Монкада анализирует предыдущие попытки концептуализировать понятие вигилантизма и находит их, во-первых, крайне немногочисленными, а во-вторых, не очень удачными. Вот некоторые из них:

  • «групповые действия, заменяющие обычное правосудие» (Caughey, 1960);
  • «насилие, направленное против групп, конкурирующих за те или иные ценности в рамках той или иной системы или требующих их перераспределения» (Rosenbaum, J. H., P. C. Sederberg, 1974);
  • «спланированное уголовно наказуемое деяние, совершаемое частным лицом в ответ на преступление (или предполагаемую угрозу его совершения) со стороны частных лиц и направленное против (предполагаемого) исполнителя этого преступления» (Haas, N. E., J. W. de Keijser, G. Bruinsma, 2012).
Все эти определения представляются автору слишком широкими и игнорирующими некоторые особенности вигилантизма, отличающие его от других видов спланированного группового насилия. Единственным исследователем, который, по мнению Монкады, приблизился к цели концептуализации вигилантизма, был английский криминолог Лес Джонстон, который в своей работе 1996 года «Что такое вигилантизм?» предложил следующие шесть критериев, наличие которых необходимо для того, чтобы ту или иную практику можно было назвать вигилантской:

1) организаторы планируют насильственные действия;

2) добровольное участие частных лиц;

3) наличие акта «автономной гражданственности», который делает вигилантизм общественным движением;

4) использование насилия или угрозы насилием;

5) действие представляет собой реакцию на реальное, предполагаемое или «вмененное» нарушение институционализированных норм»;

6) [действия представляют собой] публичный сигнал о том, что принятый порядок будет сохранен.

Чтобы сформулировать собственное «корневое» определение вигилантизма (то есть его наиболее «чистой», классической формы), Монкада выделяет пять «измерений» или параметров этого явления: общественная организация, объект, репертуар, оправдание и мотивация.
Его «корневое» определение звучит так: вигилантизм — это коллективное использование внеправового насилия или угроза его использования в ответ на предполагаемое преступное деяние. В конкретных контекстах это определение может видоизменяться вслед за изменениями по каждому из пяти выделенных Монкадой параметров.
Johnston, L. "What Is Vigilantism?" British Journal of Criminology 36, no. 2 (1996): 220–236.
Так, вигилант может действовать единолично или в составе стихийной или организованной группы; объектом может быть человек или группа людей, совершивших, с точки зрения вигиланта, «преступление», которое, в свою очередь, может признаваться в качестве такового государством или нет, а может и вообще поощряться (так, в районах, находящихся под контролем наркоторговцев, такими деяниями может считаться сотрудничество с полицией). «Репертуар» может варьироваться от убийства (линчевание) до более легких форм насилия (избиение, сексуальное насилие, причинение физических или психологических страданий). Оправдание — это публичное объяснение причин вигилантами своих действий; оно тоже может варьироваться от общеморальных до «защиты интересов нашего сообщества». Оправдание может совпадать с подлинной мотивацией, но может и только частично с ней пересекаться или вообще не быть с ней связанным.

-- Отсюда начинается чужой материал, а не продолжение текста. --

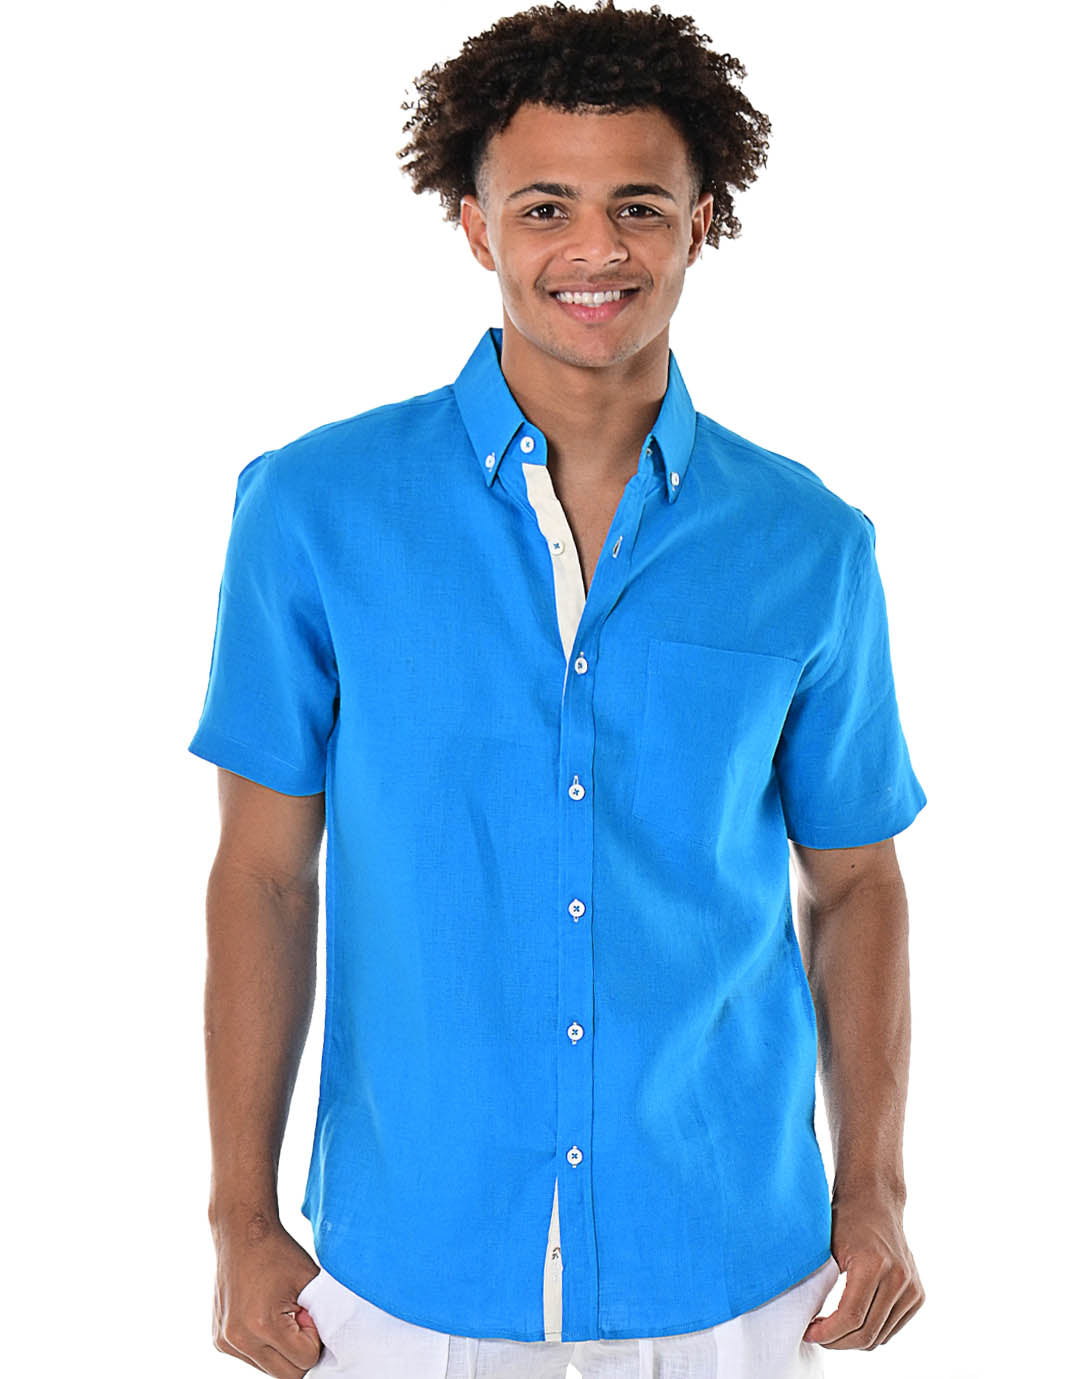 Bohio Men's 100% Linen Short Sleeve Shirt w/Pocket & Contrast

Если в «корневой» концепции мотивация вигилантов связана со стремлением к официальному правовому порядку, то при альтернативной мотивации порядок может быть самым разным — «религиозная доктрина, расовая иерархия, представления, касающиеся гендерных отношений». Соответственно, и сам вигилантизм может быть религиозным (российский Северный Кавказ), расовым (американский Юг второй половины XIX — первой половины ХХ века), моральным (банды в Латинской Америке, «наказывающие» виновных в нарушении принятых норм относительно сексуальной ориентации, обращения со старшими и даже воспитания детей) и так далее.

Автор, однако, предостерегает от риска смешения таких «подтипов» вигилантизма с пограничными понятиями. «Например, угроза насилием в отношении лиц, чья сексуальная ориентация считается отклонением от нормы, которое можно считать случаем морального вигилантизма, может также считаться «преступлением на почве ненависти» (hate crime), определяемое как "незаконное, основанное на насилии или угрозах поведение, субъект которого мотивирован своими предрассудками в отношении той социальной группы, к которой, по его мнению, принадлежит жертва"».
Монкада специально оговаривает, что намеренно исключает из своего определения и из перечня параметров вигилантизма его соотношение с государством — в плане участия, неучастия или противодействия последнего (традиционно считалось, что вигилантизм появляется там и тогда, где и когда государство отсутствует или не справляется — например, на Диком Западе в XIX веке, — но известны и многочисленные случаи, не только в США, актов «народного правосудия» в отношении тех реальных или предполагаемых преступников, которые уже были арестованы и заключены под стражу). По его мнению, излишнее внимание к этому аспекту приводит к размыванию основного понятия и его смешению с другими формами коллективного насилия (гражданские войны, революции, гражданские беспорядки и так далее). В то же время, выработанное им корневое определение позволяет отдельно исследовать и этот вопрос в самых разных контекстов.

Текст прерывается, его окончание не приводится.